• **PROBLEM DETAILS**
Reply with exactly the lines from the one that contains "Exterior Pockets: Two hip pockets" through the last line of the records below, and with no other lines.

(Recorded data)
•••

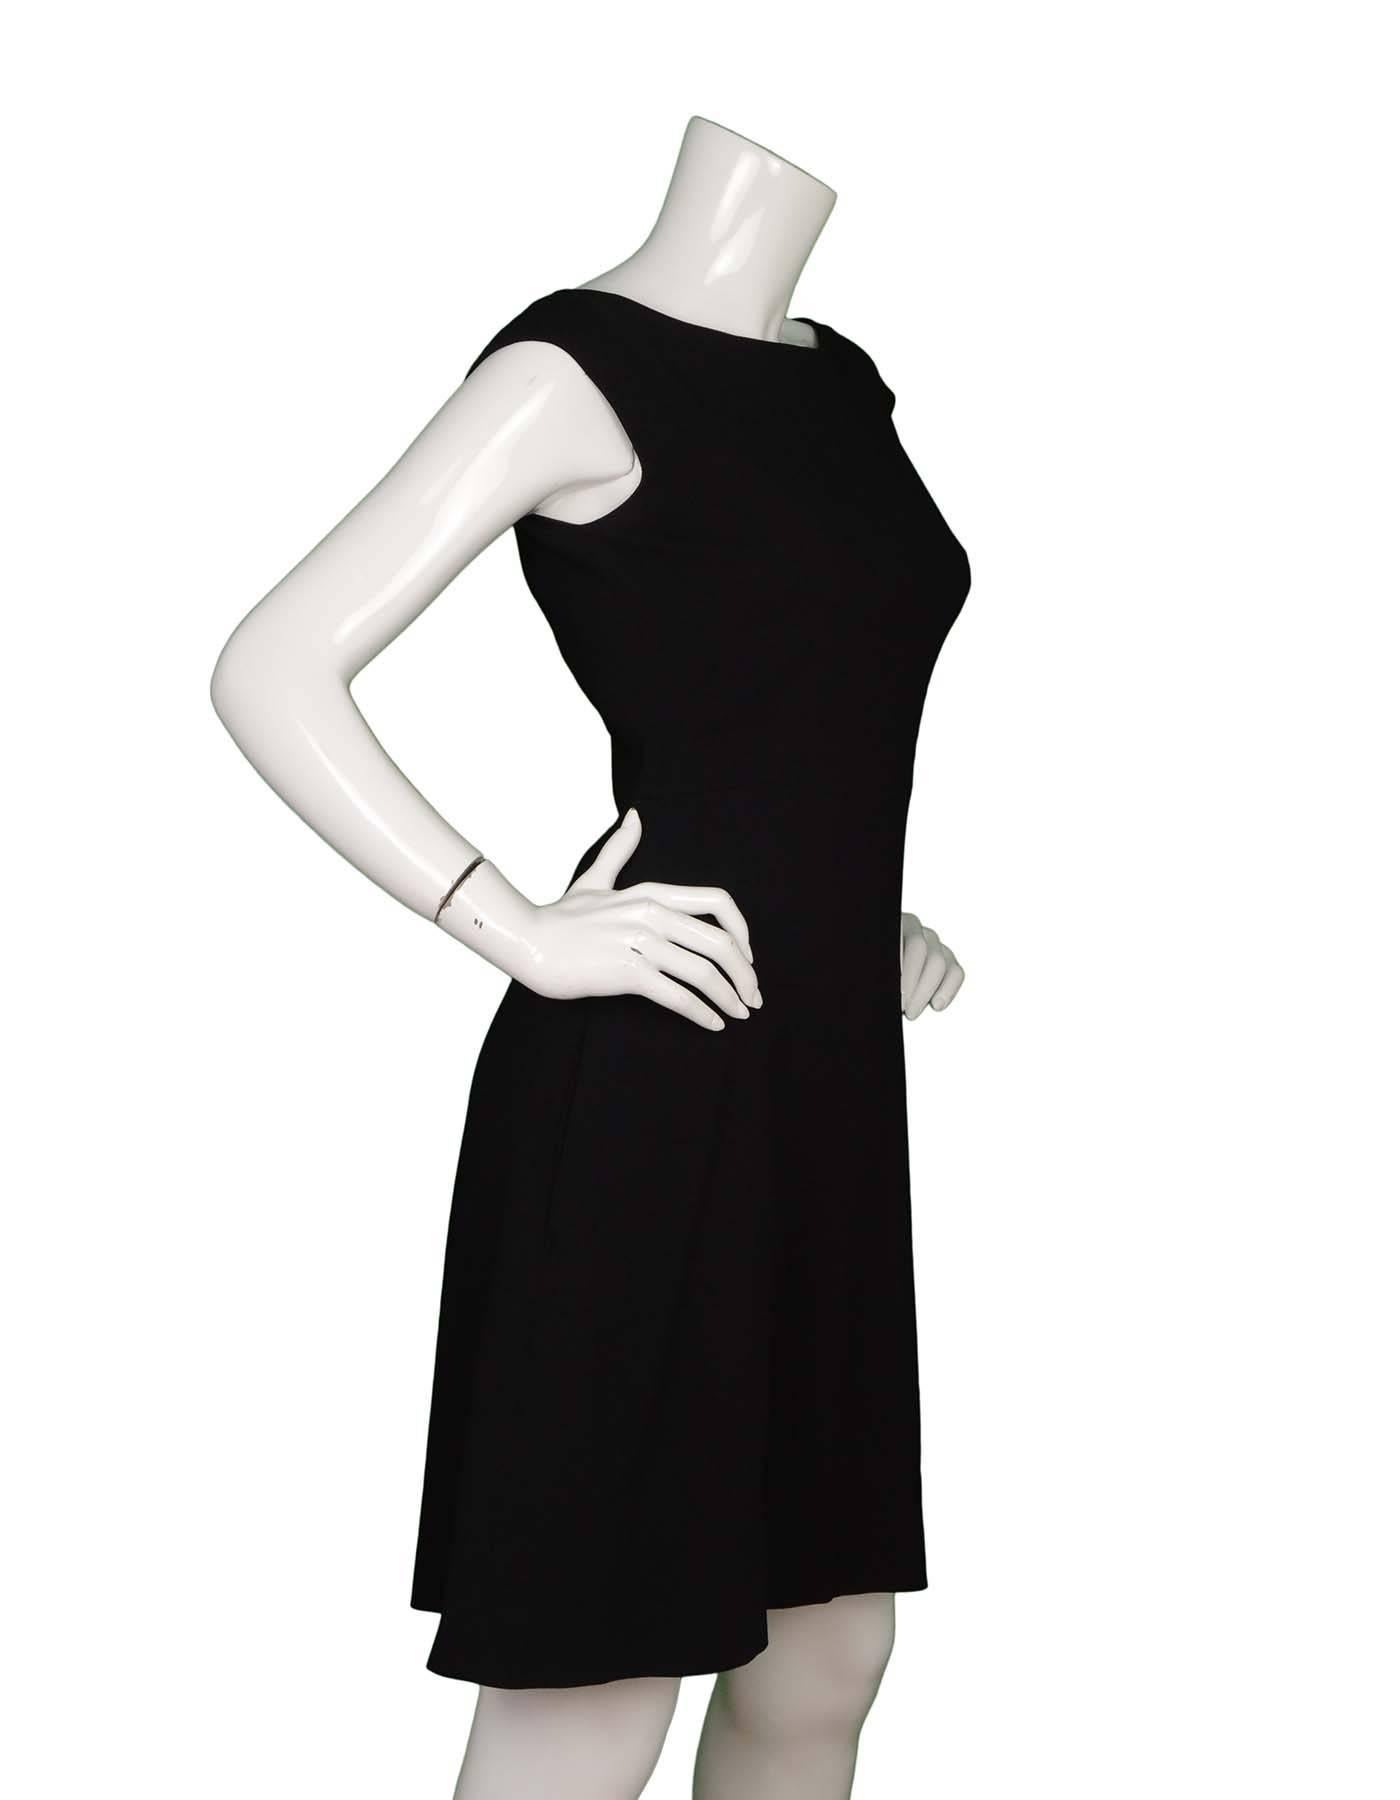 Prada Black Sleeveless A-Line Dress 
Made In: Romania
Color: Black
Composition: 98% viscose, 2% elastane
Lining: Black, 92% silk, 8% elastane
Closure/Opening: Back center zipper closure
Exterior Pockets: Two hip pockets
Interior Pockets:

•••

• **TASK ANSWER**
Exterior Pockets: Two hip pockets
Interior Pockets:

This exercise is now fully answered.